A Loopy Holiday Gift Exchange

In a class gift exchange, everyone puts their own name in a hat and then each student draws a name. If anyone ever draws their own name, the whole class restarts. Once a valid draw is complete, the “who buys for whom” arrangement splits into loops. With five students, how likely is it that the whole class forms a single loop?

The Fiddler, Zach Wissner-Gross, November 21, 2025(original post)

Solution

Restarting whenever someone draws their own name means the final arrangement is a uniformly random derangement: a permutation with no fixed points. A single loop covering everyone is a single $5$-cycle. There are $(5-1)! = 24$ cycles on five elements, and the number of derangements of five is $D_5 = 44$, so $$P(\text{single loop}) = \frac{4!}{D_5} = \frac{24}{44} = \frac{6}{11} \approx \boxed{54.5\%}.$$

The computation

Enumerate every derangement of five (no one draws their own name) and count the fraction that form one big cycle, by walking the arrangement from a starting student and checking it visits all five before closing.

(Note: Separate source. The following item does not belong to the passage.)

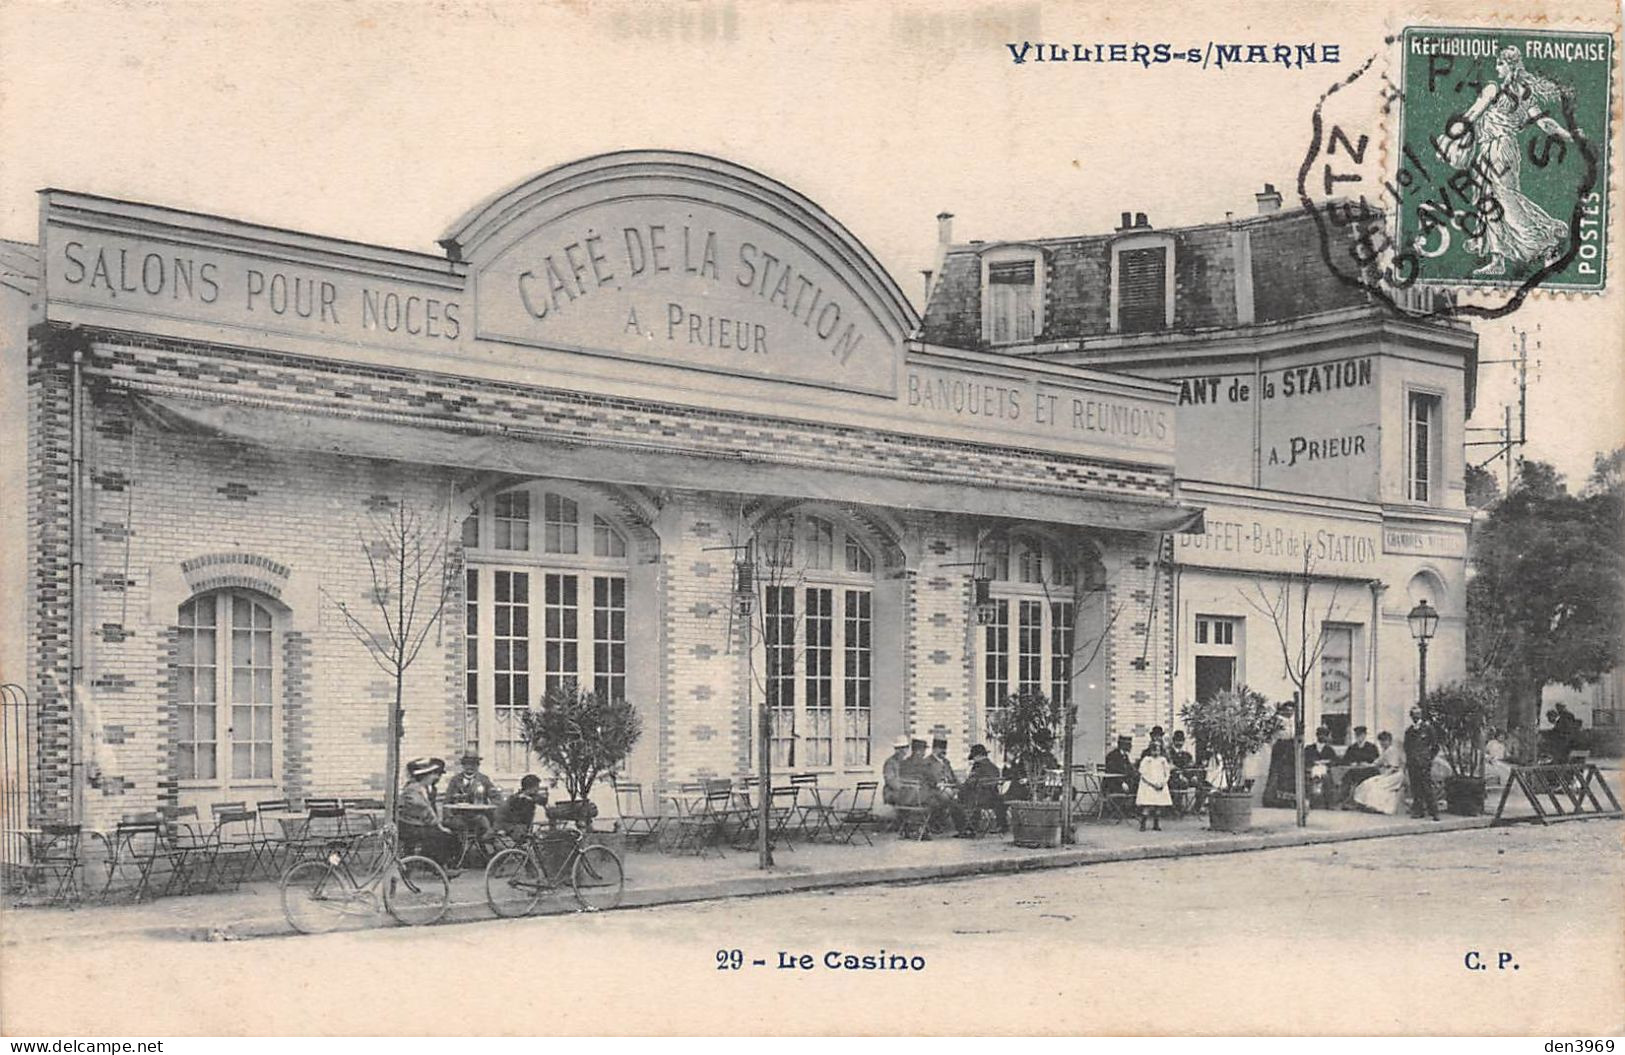 VILLIERS-sur-MARNE (Val-de-Marne) - Le Casino - Café De La Station A. Prieur - Voyagé 1909 (2 Scans) - Villiers Sur Marne

from itertools import permutations
from fractions import Fraction as F
ders = [p for p in permutations(range(5)) if all(p[i] != i for i in range(5))]
def single_loop(p):
    seen = set(); i = 0
    while i not in seen: seen.add(i); i = p[i]
    return len(seen) == 5
print(F(sum(single_loop(p) for p in ders), len(ders)))   # 6/11

Extra Credit

With $N$ students (a large number), how likely is a single loop, in terms of $N$?

Solution

A single loop is one of the $(N-1)!$ full cycles, out of $D_N$ derangements, so $$P(\text{single loop}) = \frac{(N-1)!}{D_N}.$$ Since $D_N = N!\sum_{k=0}^{N}\tfrac{(-1)^k}{k!} \to \tfrac{N!}{e}$, this becomes $$\frac{(N-1)!}{N!/e} = \frac{e}{N} = \boxed{\frac{e}{N}}$$ in the large-$N$ limit. (At $N=10$ it already equals $e/10$ to six places.)

The computation

Form the exact ratio of full cycles $(N-1)!$ to derangements $D_N$ (built from its recurrence) for growing $N$, and watch it close on $e/N$.

from math import factorial, e
def D(n):                          # derangements via the standard recurrence
    a, b = 1, 0
    for k in range(2, n + 1): a, b = b, (k - 1)*(a + b)
    return b
for N in (5, 10, 200):
    print(N, factorial(N - 1)/D(N), e/N)